I am a doctor..I am physician and in seven years or so I would become a cardiologist because that's what I have always wanted...I am willing to work hard, persevere and sacrifice for my dream, even if I hardly eat or sleep..so that I can be happy in the real world and I can truly feel that others will be happy for me too..i will also exercise every day so that I can have the body that I have always dreamed of having.....

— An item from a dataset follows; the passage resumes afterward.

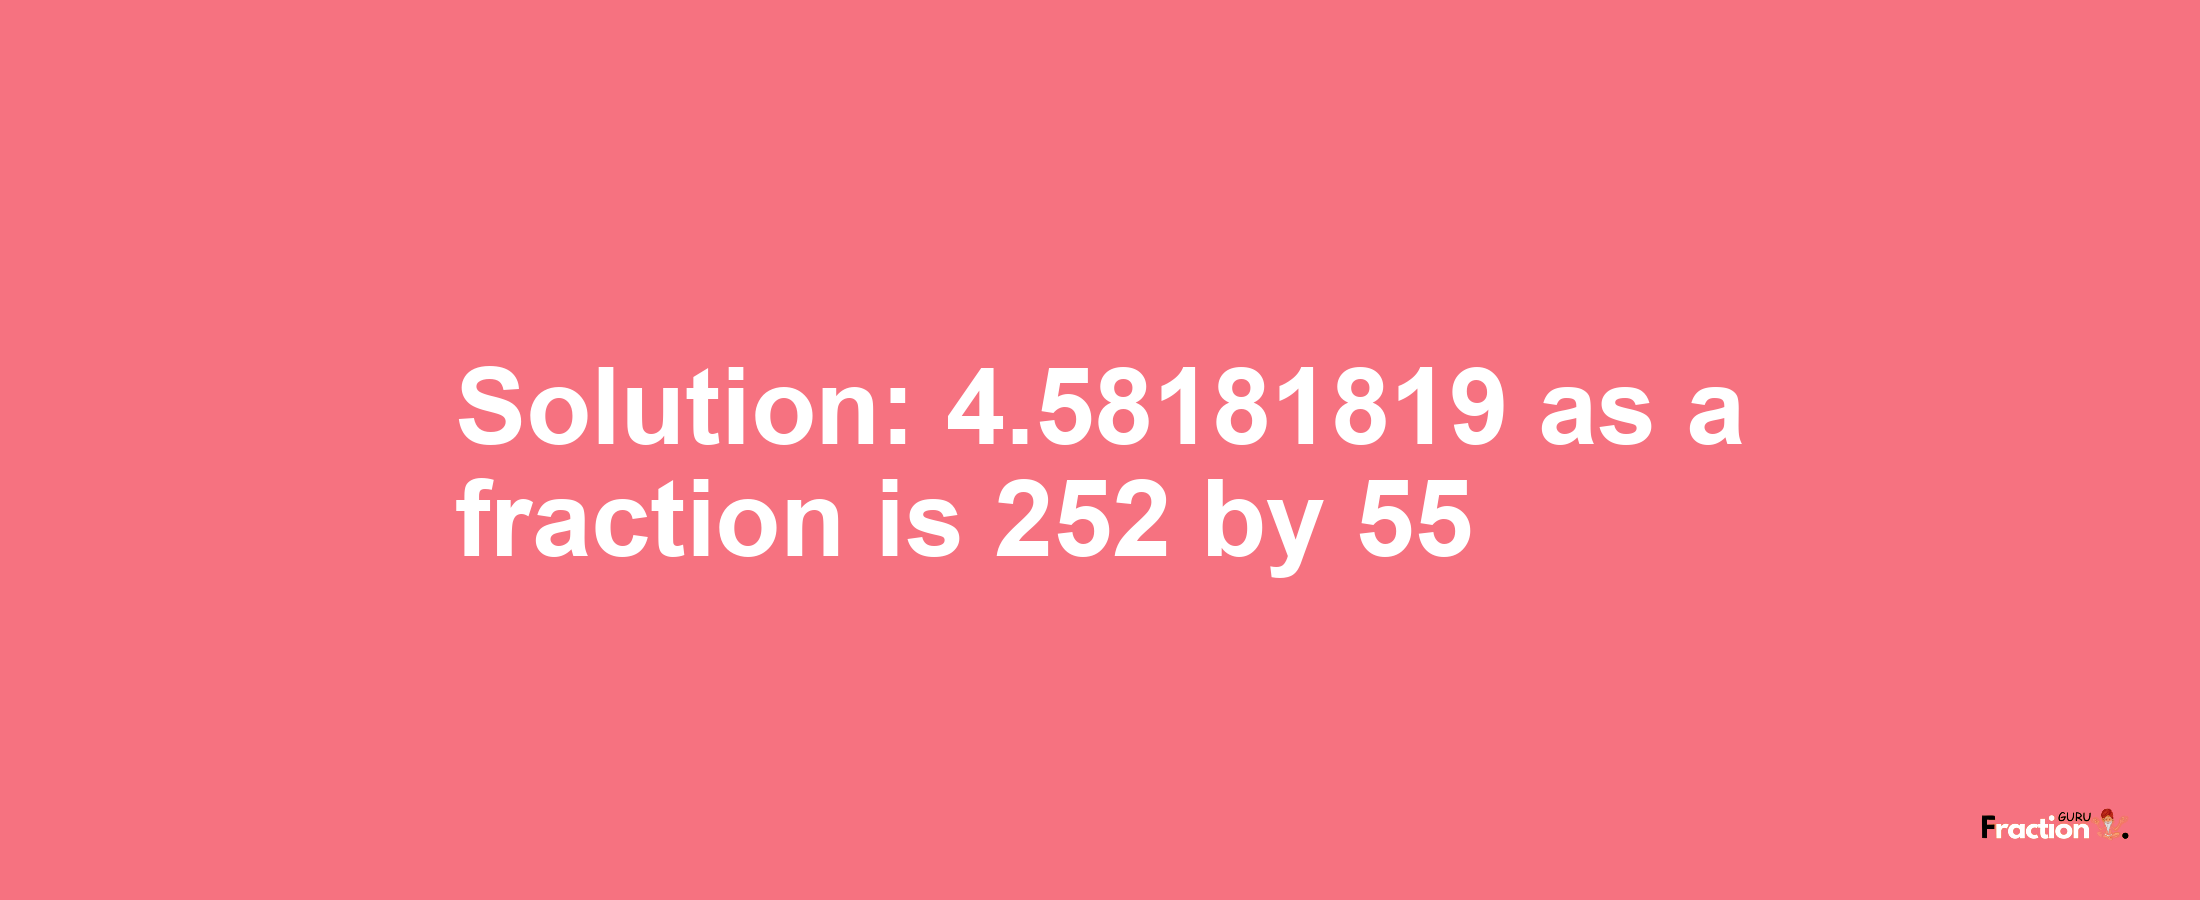 Solution:4.58181819 as a fraction is 252/55

why would i do all of this? because I'm sick of daydreaming....of pretending to be someone else....i love myself and I believe i deserve better....what is real happiness ? TO LIVE and be happy IN THE REAL WORLD....
Comment
you know, that's the same problem i always had: laziness. i'm so lazy, i don't work or study because i don't like to do anything. i finished my career but i don't want to work because i'm lazy, i don't know how to do it, i hate to work and make efforts i hate it, since i was born i was lazy, i prefered to sleep rather than being in a party or in school, and i don't know how to like the pain that produce to make an effort, but i really want to have a normal life, every time i try to do something and do it for a long time, i always fail, i do it for a few days and then i stop doing it.
I believe God saved me from daydreaming. About a year ago I was at the point where i couldnt stop daydreaming. I daydreamed 24/7 and did not realise it was ruining my life, but God helped me to see the severity of the situation. This was before i knew the condition had a name and other people struggled with it. i know God had a reason for giving me MD. I fully believe Psalm 139:14 "I praise you because I am fearfully and wonderfully made; your works are wonderful, I know that full well." its not that I think God made a mistake and I got MD, or that He made me wrong, I dont know why He gave me this condition. I know he loves me whether im daydreaming or not but when im daydreaming all i think about is myself and the FAKE people i made up. HOW CAN I SERVE GOD IF ALL MY TIME AND ATTENTION ARE ON PRETEND THINGS???? God helped me realise this and now with Gods help I have stopped daydreaming. The temptation of entering the world I made in my mind is still there. i doubt it will ever leave but I believe God is and always will help me stay in reality so i can do what God wants me to do.